Last night I was in Baltimore hanging out with some peeps for additional birthday celebrations. As a reminder, you still have plenty of time to send me a gift certificate or cash money as my birthday isn’t until Tuesday. But I digress. So I was in Baltimore getting my drink on with my friends. It was supposed to be a special night, and it kind of was. But not special like I got to touch someone’s wiener while I was sober special. It was more like that guy was lucky he left when he did or Jewcy Bits would have punched him in the face special.
That’s right, kids, there was almost a fight. Starring Jewcy Bits and the Master Overlord of Douche Bags.
My girlfriend invited the asshole she’d been seeing on and off for the last 6 months. We already didn’t like him since he basically dumped her on her birthday and then got back together with her a few days later. His idea of making up with her and apologizing involved a drunk phone call at 3:30 am on a Monday where he drunkenly told her he had acted like a jack ass and wanted to come over to “talk” to her. Kids, this is a perfect example of what I like to call a “booty call.”
Like a typical chick, we’ve all been there, she took him back. And she believed he had changed.
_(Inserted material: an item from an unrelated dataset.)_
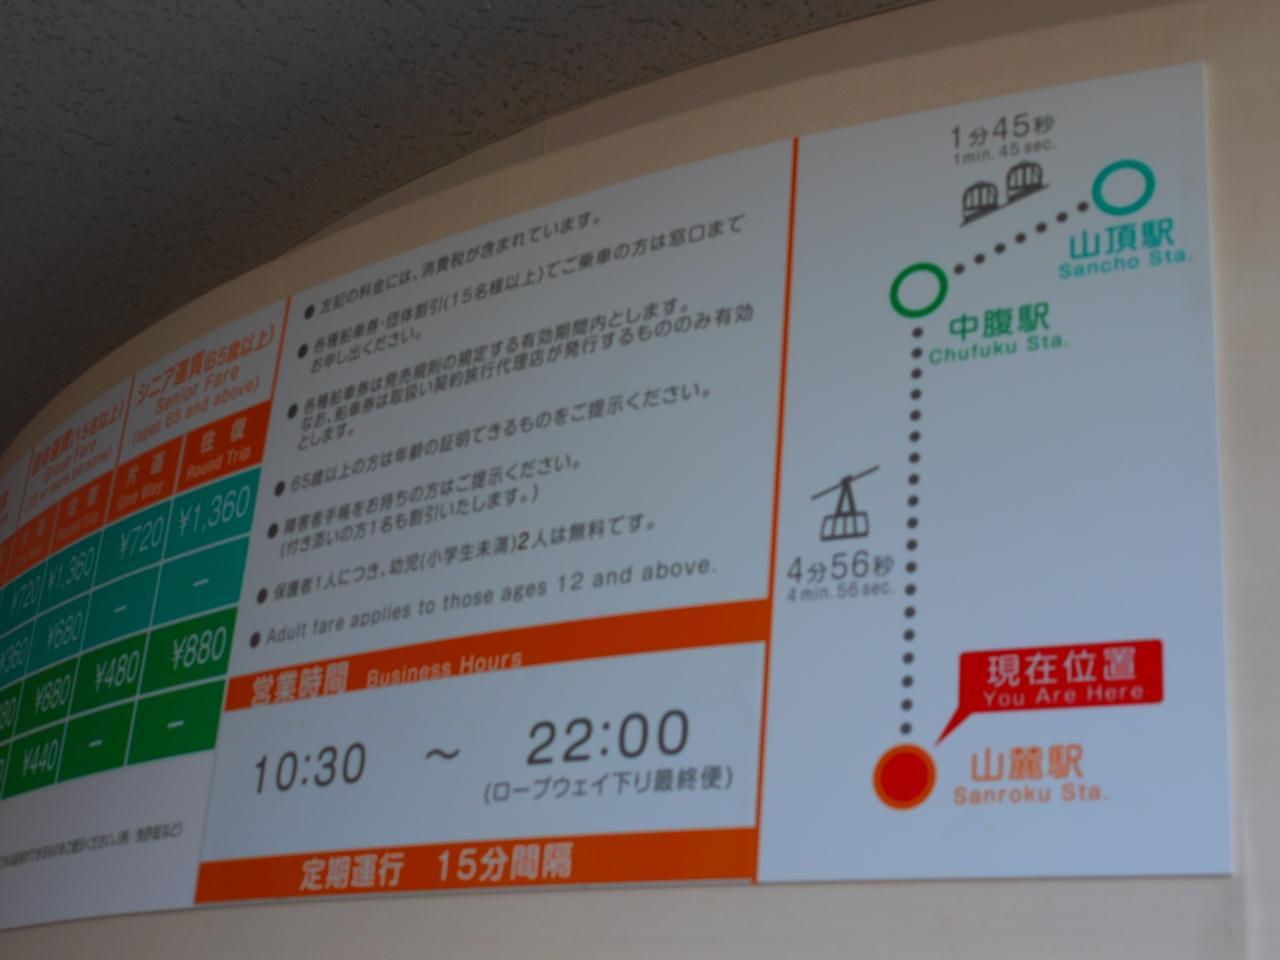 ケーブルカー・リフト | 高尾登山電鉄公式サイト
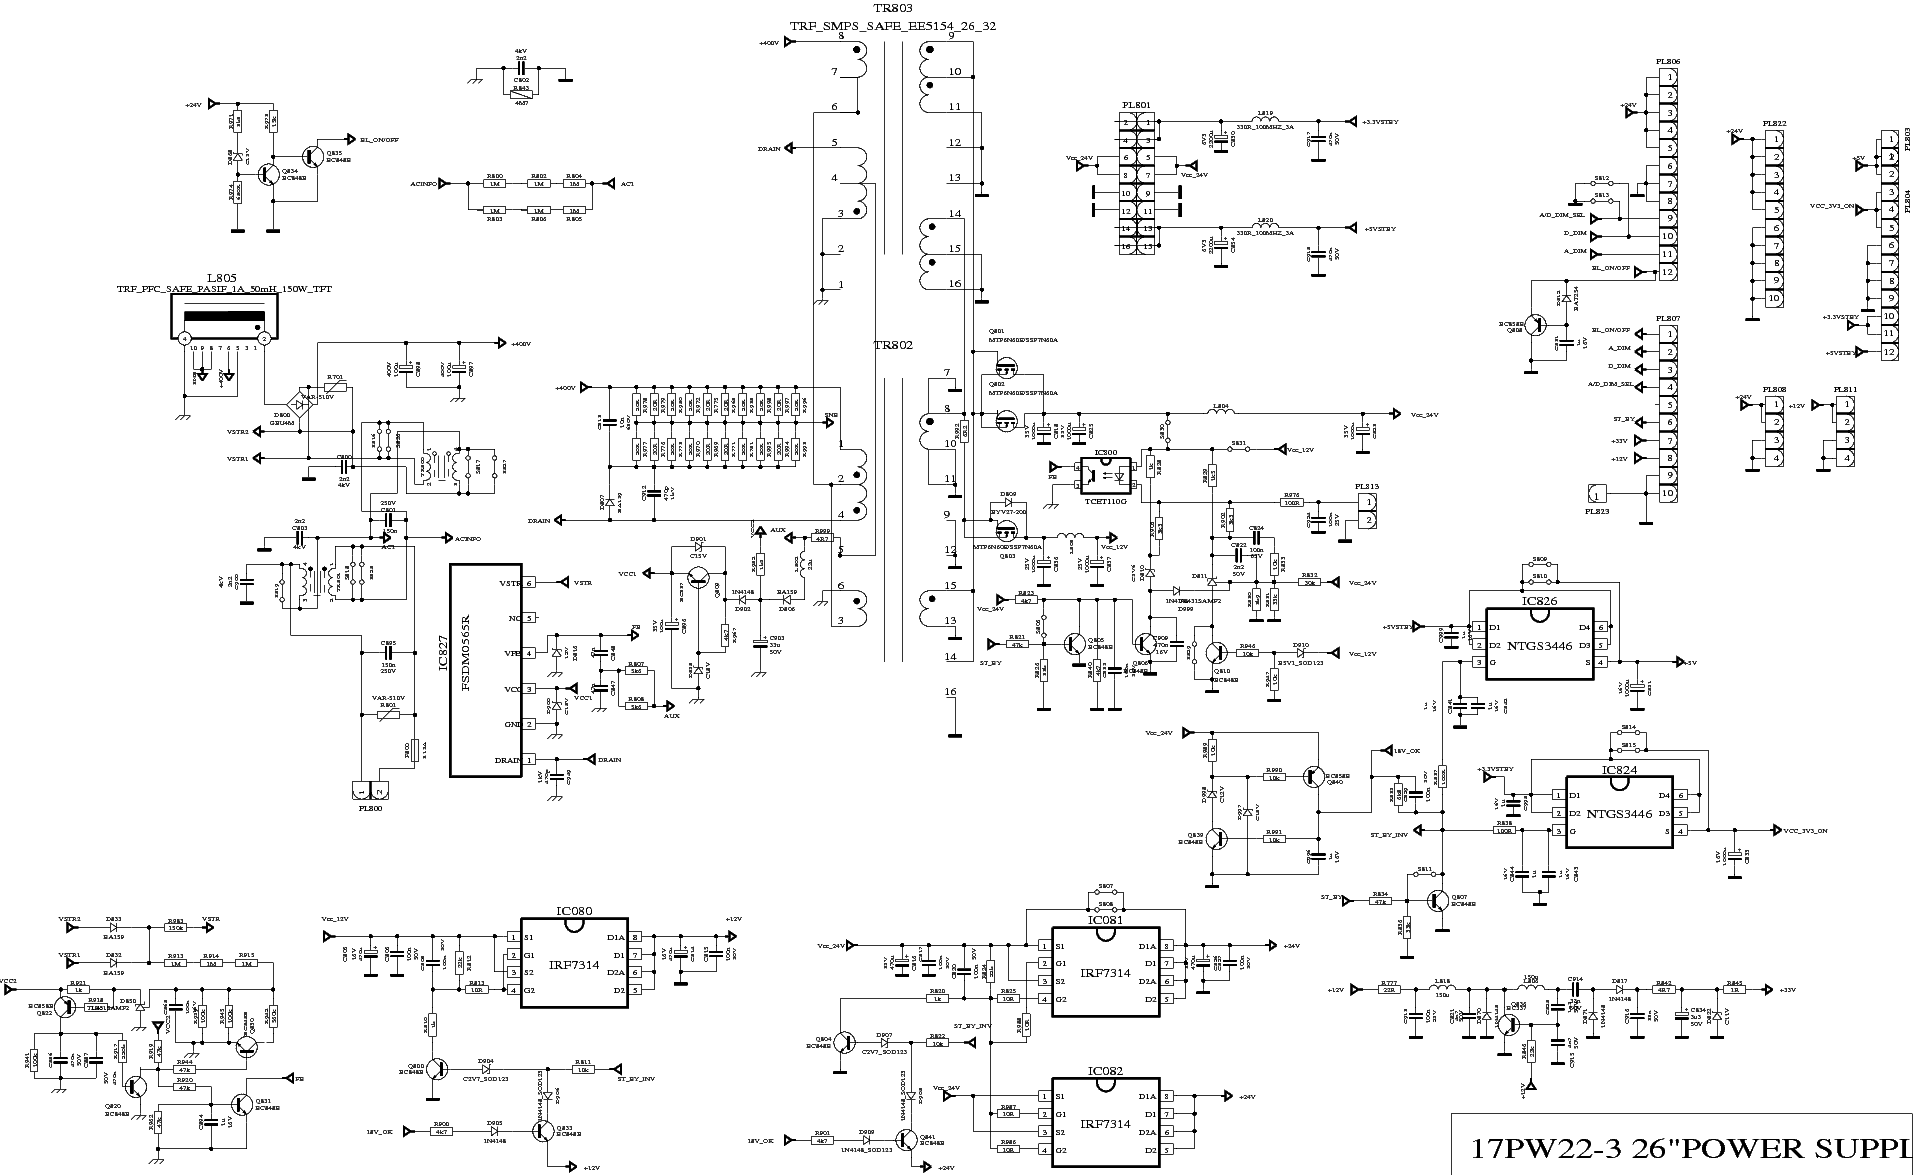 17pw25 4 circuit diagram wiring diagram g8  17pw26 4 circuit diagram wiring

I can’t blame her, I too am a chick and have fallen for such behavior myself. So he came out for my birthday where he proceeded to be a total ass the whole time. Examples of his shitty behavior include:
- Berating her in front of her friends
- Ogling other chicks in front of her
- Calling us all lame
- Kicking my friends to get their attention
- Spilling drinks all over the place
- Rubbing another girl’s bare legs (repeatedly)
- Slapping Jewcy Bits’ boyfriends gut
It was that last one that just about sent Jewcy Bits over the edge. And with good reason. I have to say, I would have paid good money to watch Jewcy punch him in his mouth. He totally deserved it. He really did. I think I might dream of seeing his drunk ass laid out on the floor and watching Jewcy kick his fat gut all over the floor.